CI indicates 95% confidence interval. All results correspond to the combined FLG mutations. Note that all unrelated cases and population-based controls were excluded from this analysis due to missing maternal sensitization data.
Table 6. TDT analysis stratified by maternal specific sensitization.
Transmission Disequilibrium Test (TDT) | Allelic test in children d | |||||
---|---|---|---|---|---|---|
Group | n a | T / U b | OR c | P | Mut freq | OR (P) |
+Mat_sens | 253 | 97 / 65 | 1.49 | 0.04 | 0.11 | 1 |
−Mat_sens | 311 | 169 / 68 | 2.49 | 5.3 x10−8 | 0.16 | 1.48 (0.005) |
a Number of families.
b Number of transmitted (T) and un-transmitted (U) alleles. Allele counts are referred to the combined FLG mutations.
c Odds ratio calculated as the ratio of transmitted versus un-transmitted alleles.

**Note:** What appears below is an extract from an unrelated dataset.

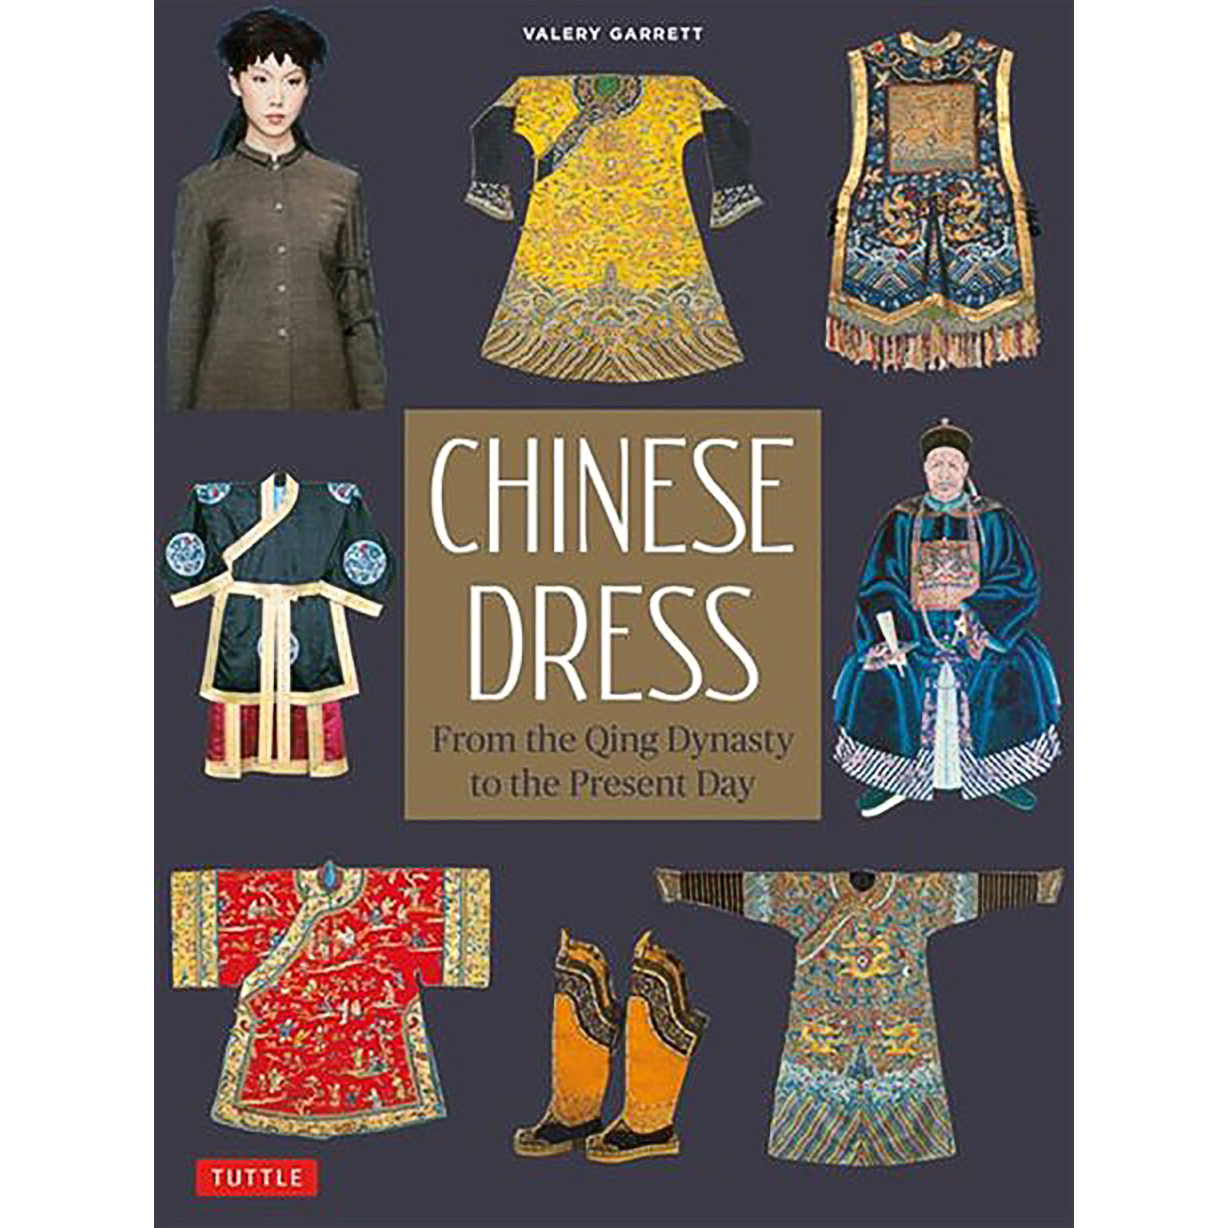 Perfect Costume Peasant39s Dress In South Song Dynasty

d Comparison of allelic frequency between AD-affected children of the −Mat_sens versus the +Mat_sens families.
Discussion
We report here that maternal loss-of-function mutations in FLG directly influence AD risk in the offspring independently of the child’s own genotype. Importantly, this maternal effect was observed consistently for all different FLG mutations tested and in 2 independent populations. Given that genomic imprinting and maternal genotype effects can lead to similar patterns of parent-of-origin effects [14], we specifically modelled both scenarios. Although we cannot completely exclude an imprinting effect, our data supports a direct maternal genotype effect of FLG mutations. This is consistent with the lack of known imprinted genes in the 1q21.3 genomic region containing FLG [25].
It is not obvious how maternal mutations in a skin-barrier gene can influence the child’s phenotype. However, given that filaggrin deficiency promotes specific sensitization, we hypothesized that systemic immune responses may play a role in the FLG maternal effect. Our observation that the FLG maternal effect is significant only in the group of sensitized mothers supports this hypothesis and indicates that FLG mutations in allergic mothers act as a strong environmental risk factor for AD in the child.
The importance of prenatal mother-child interaction in shaping the child’s immune phenotype is highlighted by studies in pregnant mice: while the induction of Th2 immune responses increased susceptibility to allergic asthma in the offspring, a protective effect was observed upon induction of Th1 responses, emphasizing the importance of maternal immune status during pregnancy [30–32]. Supporting evidence in humans arise from epidemiological studies showing that exposure to a microbial-rich farm environment during pregnancy protects children from the development of allergic diseases [33]. It is unknown how this “immunological imprinting” may be transmitted from mother to child, but animal and human studies suggest the induction of epigenetic modifications in relevant immune cells in the offspring [31,34]. Future large population-based studies with parental DNA, data on maternal allergic sensitization and biological material available for epigenetic analysis will be required to further explore this interesting hypothesis.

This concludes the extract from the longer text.